PONDERAY, I think it would be a lot easier if you just replaced the hard drive


----------



## Mark1956 (May 7, 2011)

Niclac, that is poor advice to give prior to running a test to prove the hard drives health, the manufacturer's diagnostics will confirm this either way.

You should not advise replacement of any item of hardware without first proving it is faulty. We *don't* use guesswork when helping those that need our assistance.

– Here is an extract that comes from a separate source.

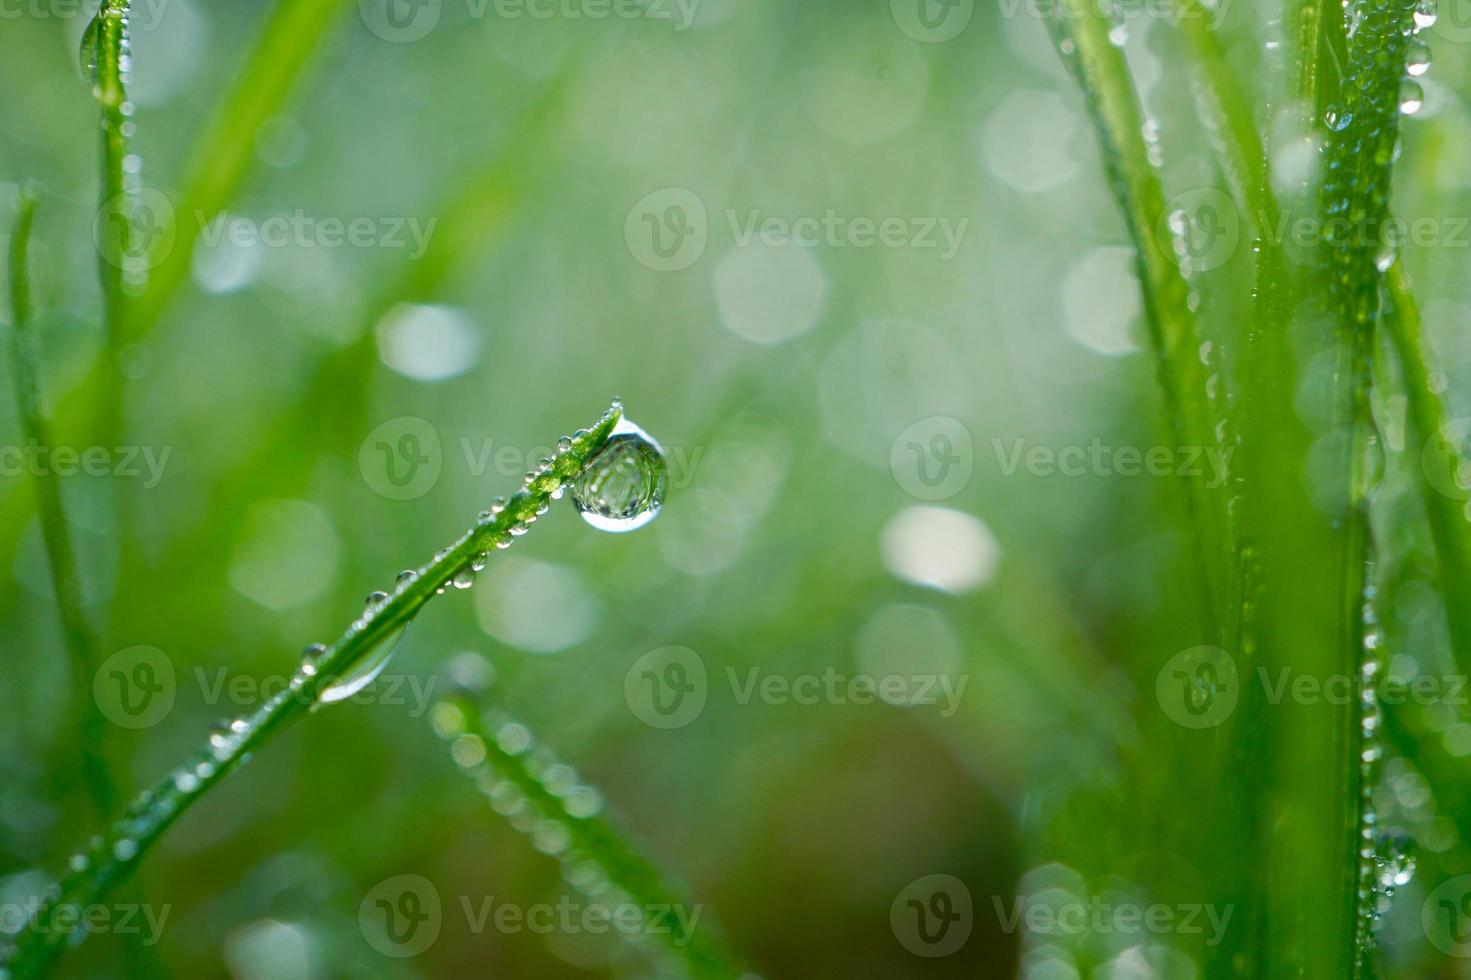 goutte de pluie sur l'herbe verte les jours de pluie photo

Why did you need to quote my entire post


----------



## Niclac (Jan 20, 2012)

Mark1956 said:


> Niclac, that is poor advice to give prior to running a test to prove the hard drives health, the manufacturer's diagnostics will confirm this either way.
> 
> You should not advise replacement of any item of hardware without first proving it is faulty. We *don't* use guesswork when helping those that need our assistance.
> 
> Why did you need to quote my entire post


The time taken to perform all of your steps are too confusing for a novice user
If the files system checking fails the next step I would advise to run "chkdsk" to check the disks
Then if that fails run a disk integrity app from the BIOS (depending of the make of machine) or seek the disks manufacturers app to check the disk
Keep It Simple KIS


----------



## Mark1956 (May 7, 2011)

The fix I have given instructions for cannot be simplified any further and it is up to the OP to question anything that they do not understand. I have successfully used this fix on previous occasions where similar symptoms have been reported. Both the Diskpart instruction and those for the Boot sector repair, only require accurate typing to enter the command lines, there is no computer knowledge required to complete them.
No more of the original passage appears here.